Many a times rebooting may be a solution to bring the erroring device back into good state(after a fatal error for example)but there might be scenarios when the system has a permanent issue causing it to run into fatal error on every boot. In such scenarios, auto-reboot mechanism can cause a constant reboot loop situation. In order to avoid this, implementation should provide a mechanism to prevent constant reboot loop by limiting the number of auto-reboots. The number of times auto-reboot happens on fatal errors should be configurable. A configuration option should be provided to configure the
maximum number of auto-reboots(warm-resets). In order to implement this, system should track the number of times auto-reboot was effected using the Crash-Report RAM region.

### Implementation should provide following configuration options

Crash reporting implementation should provide enough parameters to control different aspects of crash reporting behavior so that developers can configure this feature to conform to their system design. Implementation should provide following configuration options to control the behavior as below.
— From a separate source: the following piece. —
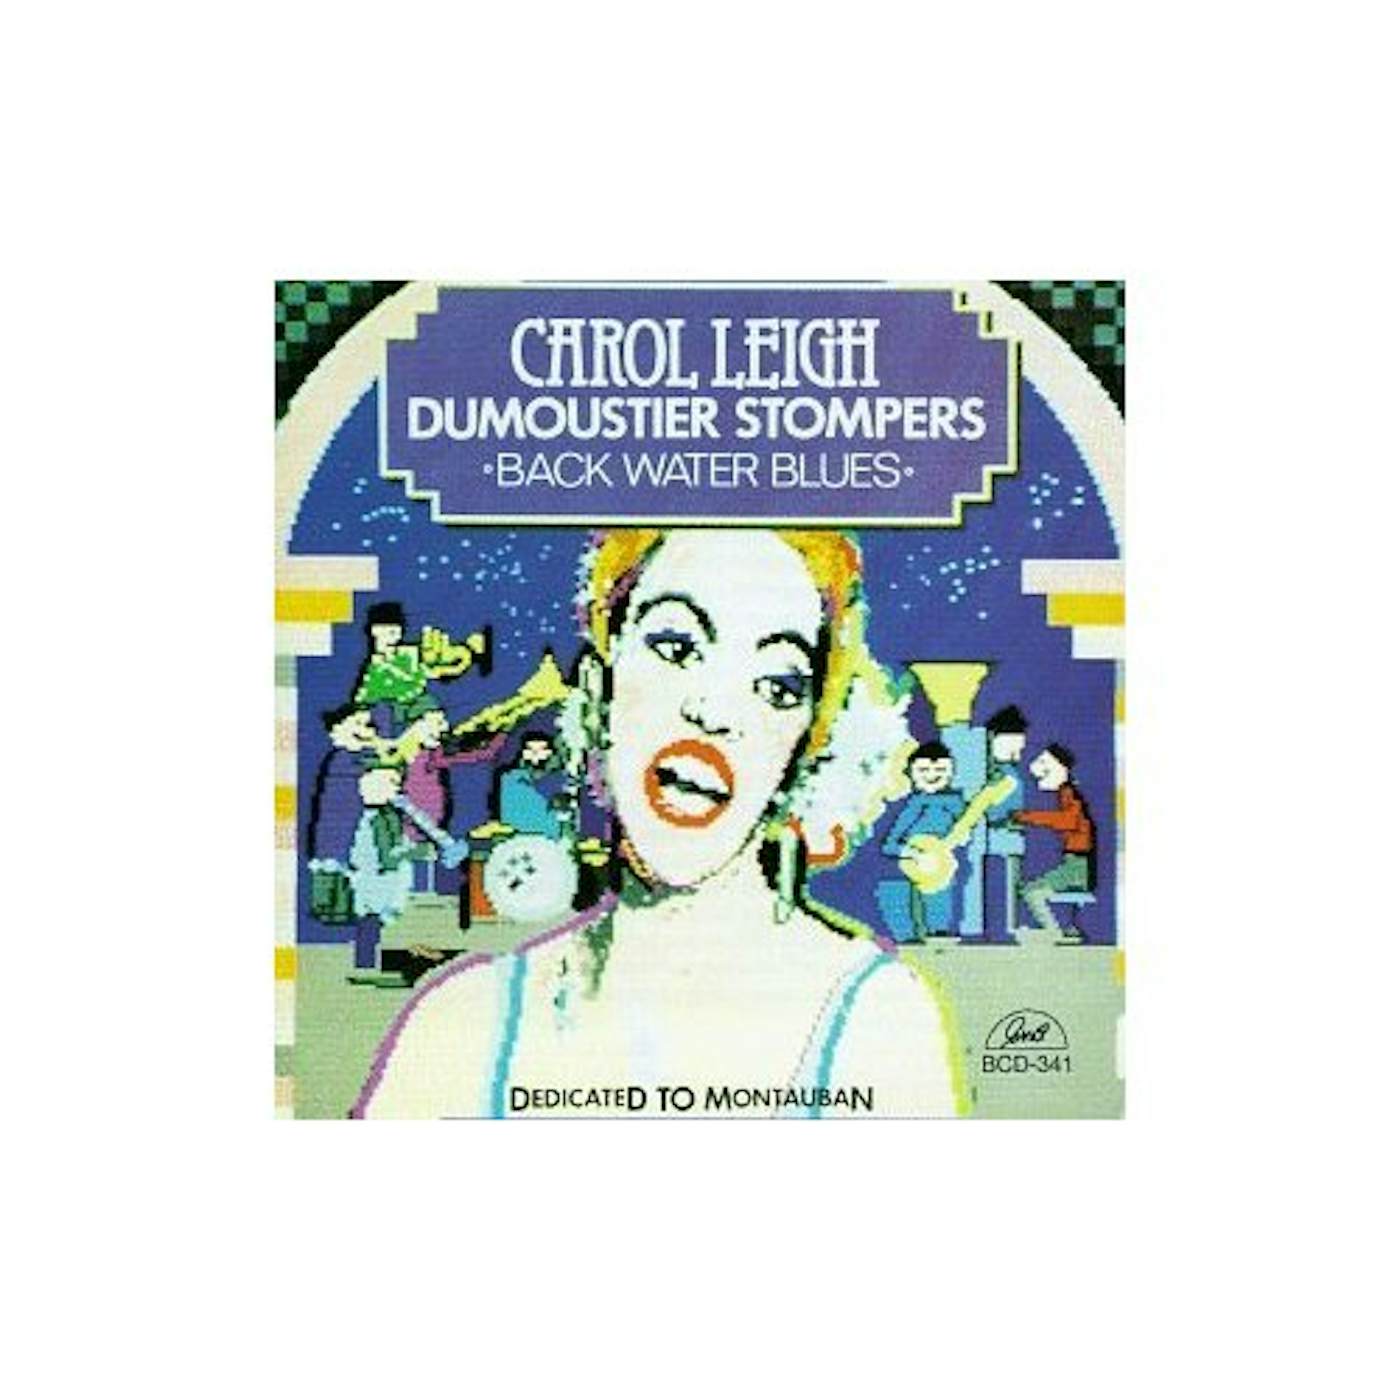 CAROL LEIGH & THE DUMOUSTIER STOMPERS CD

1. Configuration option to enable or disable error the entire feature
1. Configuration option to enable or disable auto-reboot when the system enters a fatal error scenario
1. Configuration option to limit the number of auto-reboots

# Usage scenarios and examples

Below (pseudo code) are some common usage scenarios using the new error reporting APIs.

### Implementing crash reporting callback
In order to implement the callback the user can override the default callback function(*mbed_error_reboot_callback()*) implemented with MBED_WEAK attribute in platform layer as below.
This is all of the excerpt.